My article concludes: "Given current U.S. trends toward living, working and playing alone, the infrastructure of American cities could benefit from resembling a little more the monad-welcoming floating world of the Japanese city". It's a rather provocative statement, and I'm not at all sure how possible it could be. I mean, sure, one aspect of America has always been its genius at incorporating bits from other cultures into its mosaic. Just as they've been Italianized, Irishized or Lithuanianized, bits of American cities have certainly been "Japanized": sushi bars have sprung up, Japanese bookstores and supermarkets appeared, whole parts of the West coast have become Pacific Rim Asia Towns.



Like the Bowie character in "The Man Who Fell To Earth", some people have even opted to furnish their American homes in Japanese style. This week I'm staying in just such a place here in New York, a kind of culture-shock depressurization chamber between Japan and America: it's the apartment I mentioned in a previous Wired column:

"A grad student named Karl Haley read a blog entry I wrote entitled Japanize your ass! and decided to kit out his tiny apartment in New York's Lower East Side with Japanese technologies: a Toto S300 Jasmine washlet toilet, a Zojirushi 3-liter "Panorama Window" Micom Electric Dispensing Pot, a Neuro Fuzzy rice cooker, a kotatsu (a low table incorporating an infrared heater and canopy), and a robotic iJoy 100 massage chair."

The apartment does indeed contain these Japanese marvels, and others. It's all the more reassuring to me because it's on the same side of the same street where I lived between 2000 and 2002, though slightly further north than the Chinatown block I lived on. A mere three blocks south, most of the signs on the street are in Chinese, most of the faces you pass Chinese. And although it may seem unreasonable or unfair to ask a society as multi-ethnic as the US to "Japanize its ass", it's precisely this chameleon side of the US -- the fact that it's a huge patchwork quilt of ever-shifting immigrant groups, loyalties, languages -- which allows it to be the subject of all sorts of speculations and projections, including my own orientalist ones. And since immigration, wholesale importation, ethnic and special interest lobbying has always played a part here, Americans by and large take recommendations like "Japanize your ass!" in good sort. After all, what could be more American than being... less American?

Japan is less collectivist than america

Date: 2006-03-01 08:05 am (UTC)
From: (Anonymous)
Image (http://img139.imageshack.us/my.php?image=hpim03603op.jpg)
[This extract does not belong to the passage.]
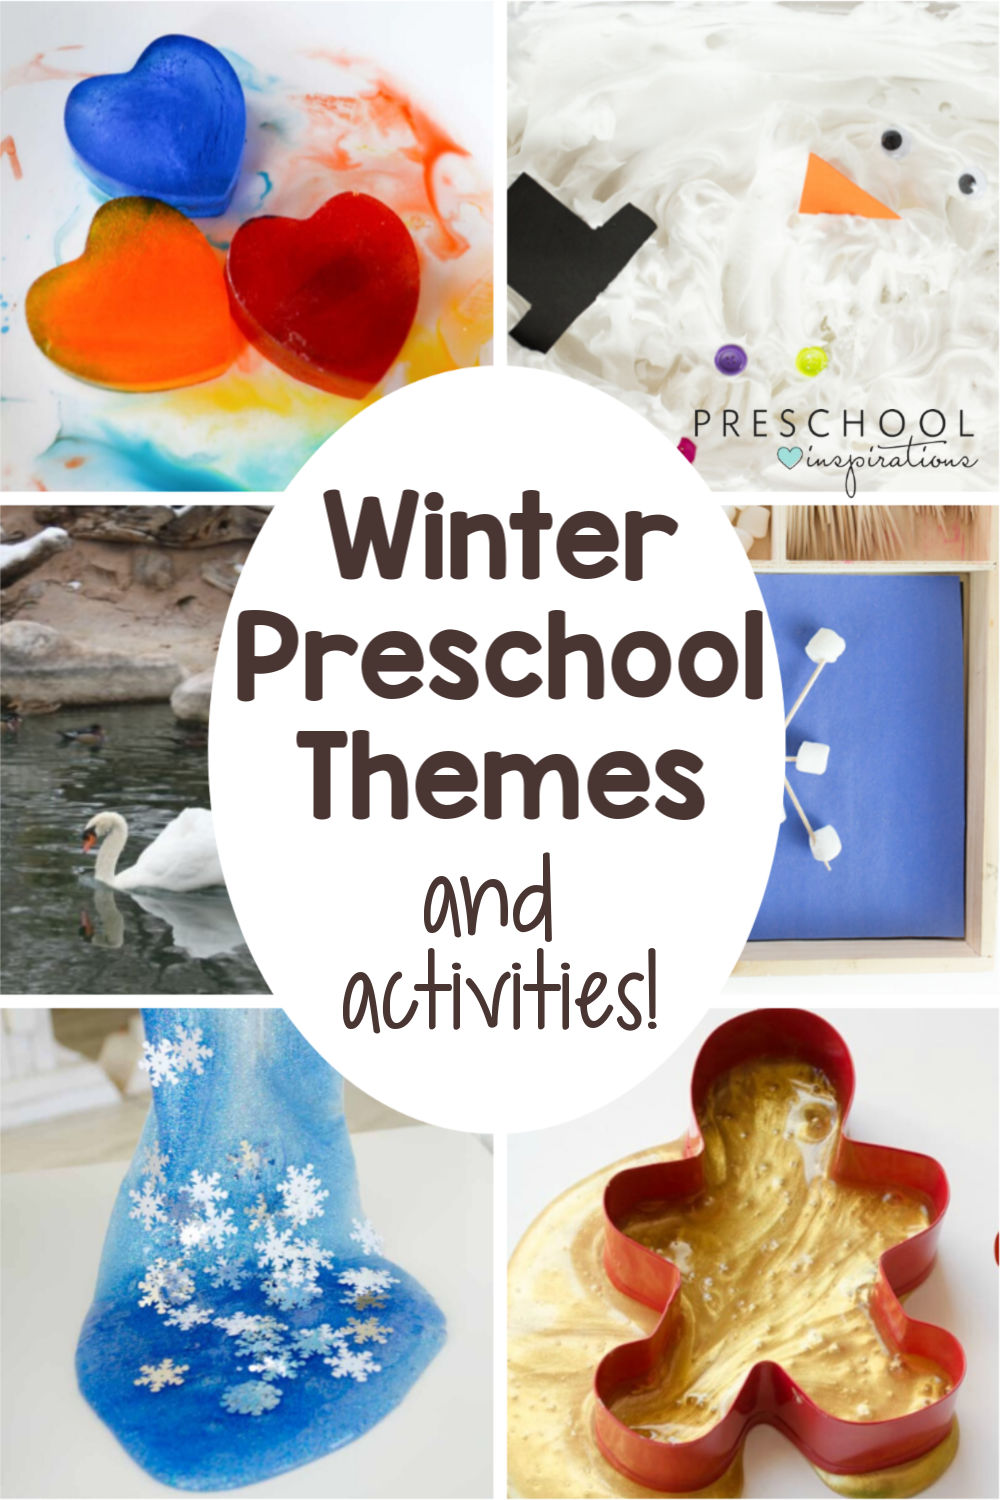 When it comes to teaching preschool in the winter, there are SO many fun themes to choose from! Arctic animals, gingerbread, family, and fun holiday themes like Christmas, New Years, and Valentines Day! Find crafts, activities, and more to go along with each. #preschoolinspirations #winter #preschool #prek #winterthemes #preschoolthemes #kidsactivities

I know, it sounds abosultely shocking to you, but here are a few quotes from my organizational behaviour textbook:

"One notable observation in Exhibit 2.4 is that people in Japan are less collectivist than most cultures. This is in stark contrast to statements in many cross-cultural books that Japan is one of the most collectivist countries on the planet! The problem was that a major study over 20 years ago identified Japan as collectivist, but measured collectivism in a way that bears little resembalnce to how the concept is usually defined.* Subsequent studes have reported that Japan is relatively low on the collectivist scale, but this truth has been slow to take hold"

"Individualism: The extent to wich a person values independence and personal uniqueness.
Collectivism: The extent to which people value duty to groups to which they belong, and to group harmony."

Paraphrased: "Collectism and Individualism are actually unrelated values, this is a recent develpment.**"

* (A whole bunch of quoted studies, ** is one of them)
** D. Oyserman et al., "Rethinking Individualism and Collectivism."